The purpose of the North Carolina Motor Vehicle Dealers and Manufacturers Licensing Law is to address the historical disparity in *430the bargaining positions between manufacturers and dealers and to provide some protection for local dealers and the public from abuse of the franchise system by manufacturers. N.C.G.S. § 20-285 (1993); American Motors Sales Corp. v. Peters, 311 N.C. 311, 317 S.E.2d 351 (1984); Mazda Motors v. Southwestern Motors, 36 N.C. App. 1, 243 S.E.2d 793 (1978), rev’d in part on other grounds, 296 N.C. 357, 250 S.E.2d 250 (1979). As noted by Judge Wells in his concurring opinion in the Court of Appeals, the purpose of the notice requirement of section 20-305(4) is “to prevent franchisors from stonewalling proposed dealership changes or modifications by not responding to the dealer’s request or proposal.” Nissan Motor Corp. v. Fred Anderson Nissan, 111 N.C. App. 748, 756, 434 S.E.2d 224, 229 (1993). In this case, this purpose was attained, although there was not strict adherence to the statute as we have now interpreted it. On 3 October 1991, defendant personally delivered to plaintiff notice of its intent to relocate. Plaintiff responded indicating its opposition to the proposed relocation by a letter dated 31 October 1991, which was delivered by Federal Express on 1 November 1991. Further, the record indicates that one of plaintiff’s representatives telephoned defendant’s general manager on 1 November to confirm that the notice was received and read. Defendant confirmed receipt of the notice. On 27 November 1991 defendant filed its petition for a hearing which was held on 6 January 1992. Thus, this dealer received a timely response to its request to relocate and consideration of this request — through a hearing pursuant to section 20-305(4) — took place without delay.

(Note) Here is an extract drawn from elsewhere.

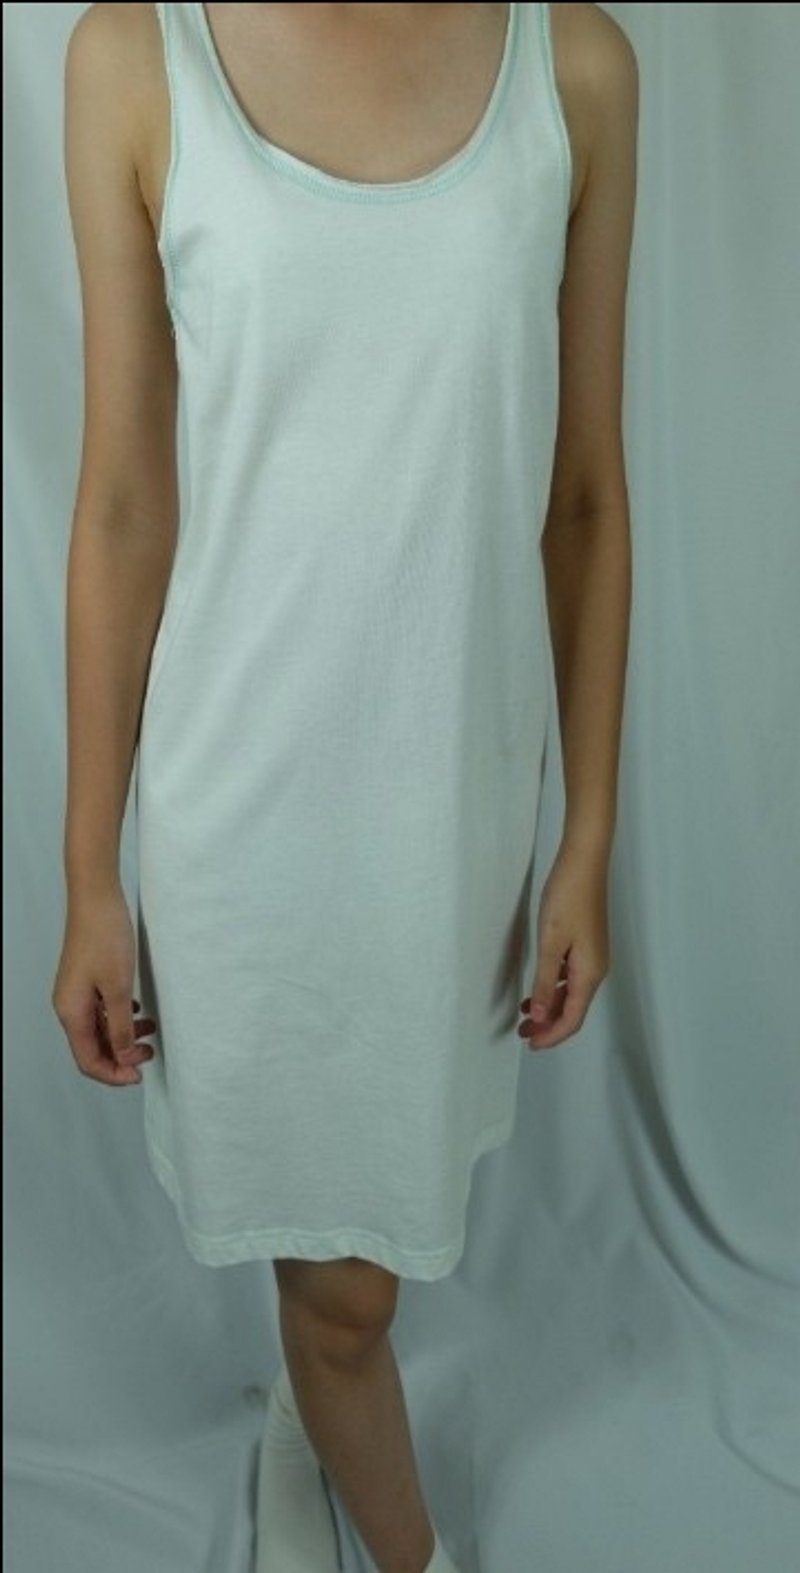 Simple power Gain Giogio classic home vest long version T (100% organic cotton) - Women's Vests - Cotton & Hemp White

The only consequence of plaintiff’s use of Federal Express was that defendant most likely received notice of plaintiff’s objection sooner than if the notice had been delivered by U.S. Mail. At no time has defendant contended that plaintiff’s response was not promptly received. In fact, it was in response to plaintiff’s notice of opposition to the relocation that defendant requested a hearing. Under these circumstances, I conclude that defendant suffered no harm as a result of plaintiff’s sending its notice of objection to the relocation by Federal Express rather than by U.S. Mail as we now determine the statute requires.